TPUs on AI Platform¶

Note

This documentation is currently quite sparse; expect a tutorial soon.

Important

Unlike on Cloud, TPUs on AI Platform only support (as of Dec 2019) Tensorflow versions 1.13 and 1.14. No Jax, no Pytorch.

Caliban has Tensorflow version 2.1 hardcoded internally. Once the range of possible values expands we’ll make this customizable.

See AI Platform’s runtime version list for more detail.

If you supply the --tpu_spec NUM_TPUSxTPU_TYPE argument to your caliban cloud job, AI Platform will configure a worker node with that number of TPUs and attach it to the master node where your code runs.

--tpu_spec is compatible with --gpu_spec; the latter configures the master node where your code lives, while the former sets up a separate worker instance.

CPU mode by Default¶

Normally, all jobs default to GPU mode unless you supply --nogpu explicitly. This default flips when you supply a --tpu_spec and no explicit --gpu_spec. In that case, caliban cloud will NOT attach a default GPU to your master instance. You have to ask for it explicitly.

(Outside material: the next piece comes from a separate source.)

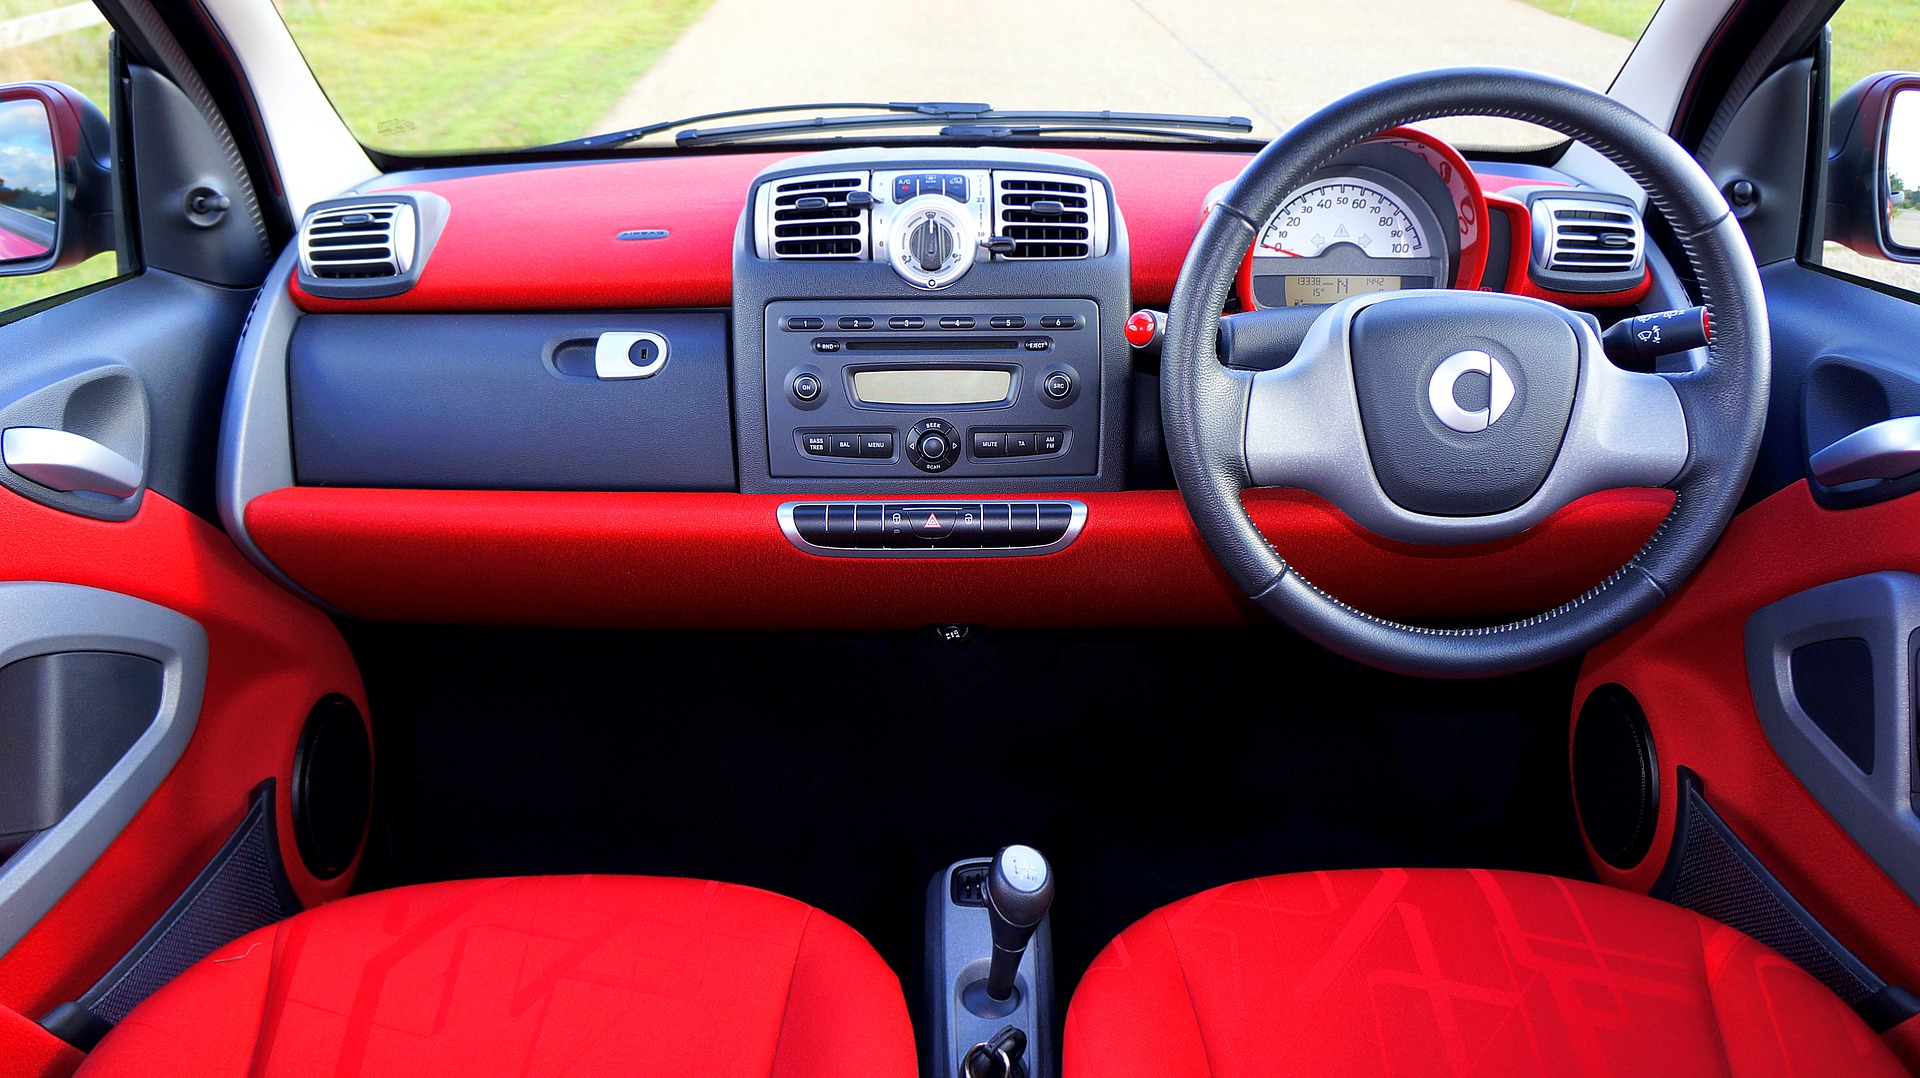 Panel under steering wheel

A CPU mode default also means that by default Caliban will try to install the 'cpu' extra dependency set in your setup.py, as described in the Declaring Requirements guide.

Authorizing TPU Access¶

Before you can pass --tpu_spec to a job you’ll need to authorize your Cloud TPU to access your service account. Check out the AI Platform TPU tutorial for detailed steps on how to achieve this.

Example Workflows¶

Next you’ll need to get the repository of TPU examples on your machine.

mkdir tpu-demos && cd tpu-demos
curl https://codeload.github.com/tensorflow/tpu/tar.gz/r1.14 -o r1.14.tar.gz
tar -xzvf r1.14.tar.gz && rm r1.14.tar.gz

Check out the AI Platform TPU tutorial for the next steps, and check back for more detail about how to use that tutorial with Caliban.